This artwork by Nancy Ohanian relates to the complexity of fixing American education.

GOLIS: Schools, jobs and the future

Hizzoner the mayor talked to Sonoma County leaders this month about the importance of education in economic development. Unfortunately, it wasn't the mayor of Santa Rosa or Healdsburg or Petaluma who was talking; it was the mayor of Nashville, Tenn.

Mayor Karl Dean of Nashville has made education and jobs — they go together — the No. 1 priority of his administration.

I know what you're thinking. In California, schools operate independently of cities and other government agencies (or at least they did before Proposition 13 shifted the power of the purse to the governor and the state Legislature).

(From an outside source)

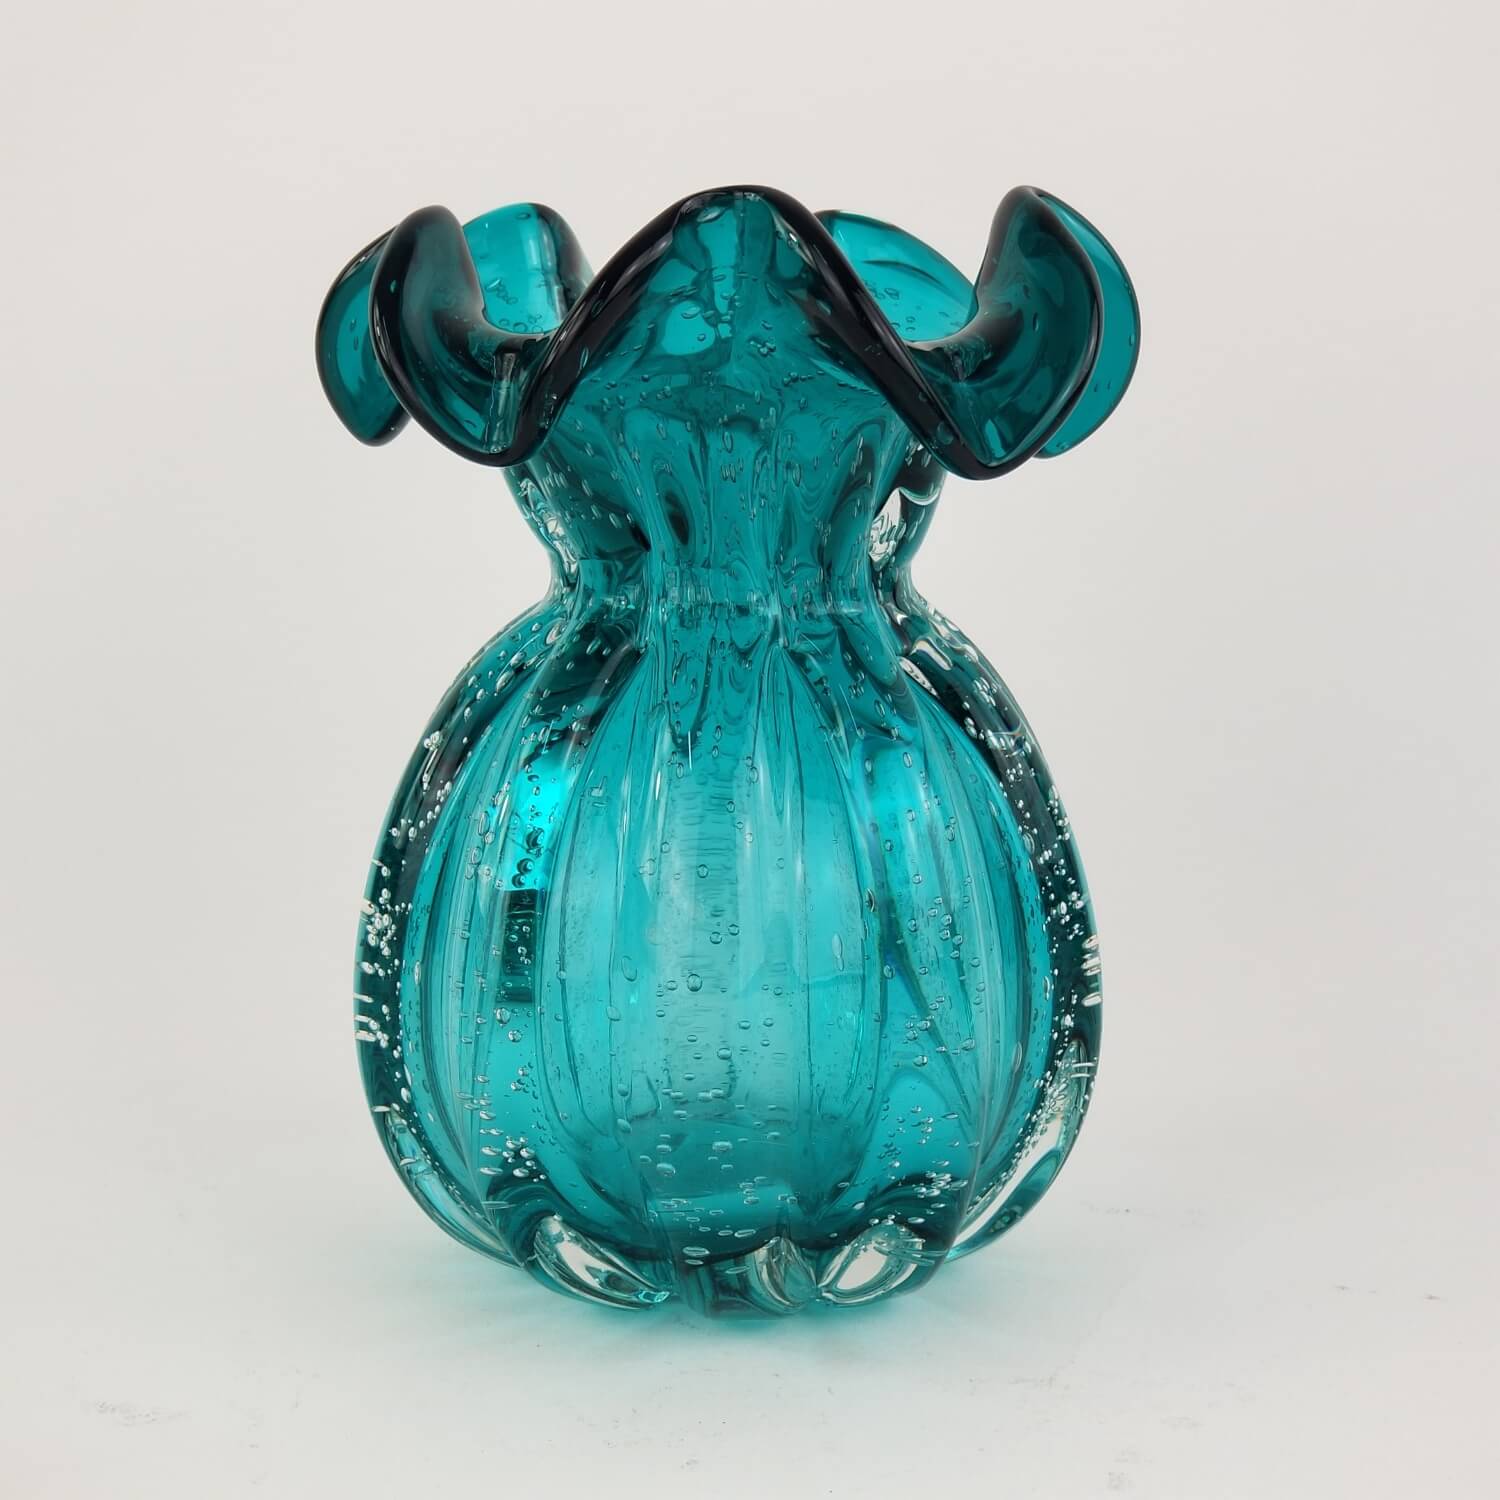 Trouxinha de Cristal Murano - Vaso Decorativo Verde Esmeralda
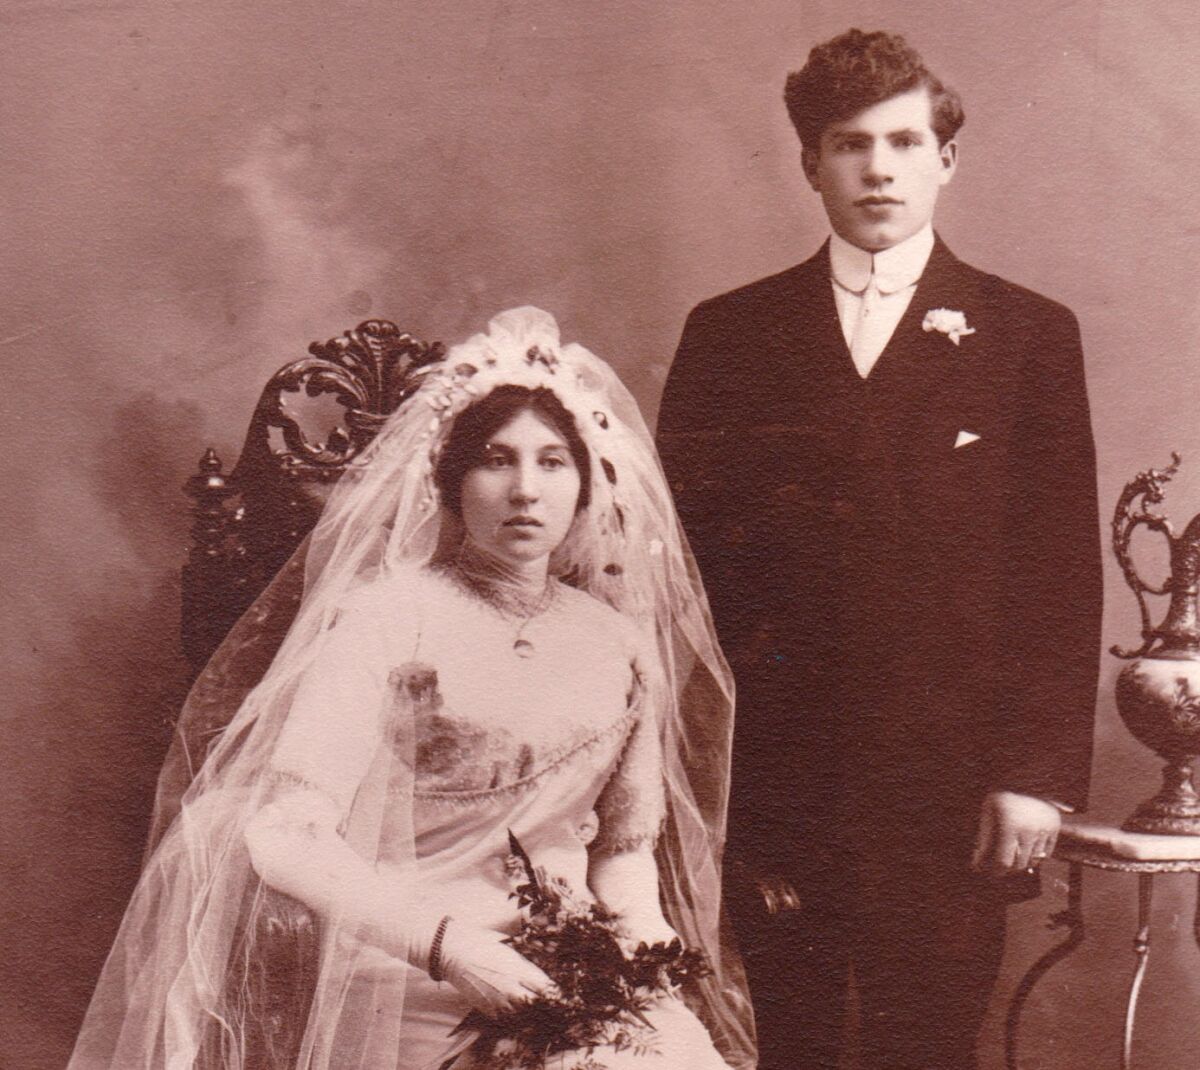 Sarah and Max Landsberg wedding portrait in December 1912.

But there is a growing awareness that education is too important to be left only to individual school boards. This new consciousness recognizes that education is not just a moral imperative. It's also the best available indicator of future prosperity for all of us.

Want to keep a firehouse in your neighborhood? Fix a pothole? Keep one neighborhood or another from sliding into decline? Avoid the blight of empty storefronts? What you need to know is that jobs pay the bills for all of us. Jobs pay taxes, and jobs put money in circulation, which, in turn, creates more jobs.

In Nashville, Mayor Dean said, his administration is dedicated to the idea that a trained workforce and jobs go together. Good schools, he noted, also attract companies whose executives want their own kids to get a good education.

Over the next 30 years, he said, the most successful cities will have the most college graduates. "You've got to have a thriving economy, and schools are a big part of it."

And so government agencies in his town are finding common ground to support kids and families. As an example, he cited a new partnership between city and school libraries.

At the Cradle to Career Sonoma County conference, the mayor of Nashville found an audience of government, nonprofit and business leaders pledging to embrace a commitment to shared responsibility and common goals. More than 375 people showed up for a morning-long conversation, organized by the Community Action Partnership with help from the county Health Services Department, the county Office of Education and others.

When it comes to collaboration, we don't make it easy on ourselves. Whether it's an alphabet soup of local, state and federal agencies, or a raft of nonprofits, our good intentions run headlong into our need to create a separate agency for every kind of assignment.

County government, nine cities, 40 school districts, park districts, fire districts, sanitation districts, water districts — we are awash in silos that let us pretend that someone else is responsible.

For many years, it's been popular to blame schools for declining student performance, but as speakers at this conference noted, students spend only 11 percent of their time in classrooms.

Many factors — family support, nutrition, safe neighborhoods, health care, mentorships, recreation programs and, yes, schools — contribute to student success (or lack of success).

In recent months, government agencies that don't manage schools have talked a lot about economic development. They tweak planning rules or throw a few bucks at one program or another.

But the truth is, these efforts are working at the margins of the problem.

Over time, what will matter is whether local kids get an education.

The Cradle to Career conference — attended by a majority of the Board of Supervisors — acknowledges this hard reality.

So does the public-private consortium called Health Action, which is using third-grade reading scores and high school graduation rates as measures of the county's well-being.

And so does the new Scholarship Sonoma County program. (Full disclosure: The program rests under the umbrella of Community Foundation Sonoma County, where I serve on the board.)

In recent years, an aging population has acted as if educational achievement is someone else's problem. After all, their own kids have grown up and moved on.

We could say their attitude is selfish — but it's also shortsighted. Once upon a time, the finest system of public education in the world was the engine that made California one of the largest economies in the world.

In future years, the link between education and jobs will have everything to do with the quality of life where you live.

If the mayor in your town suddenly wants to talk about education, don't complain. Honor her or him for recognizing what is important to the future we all share.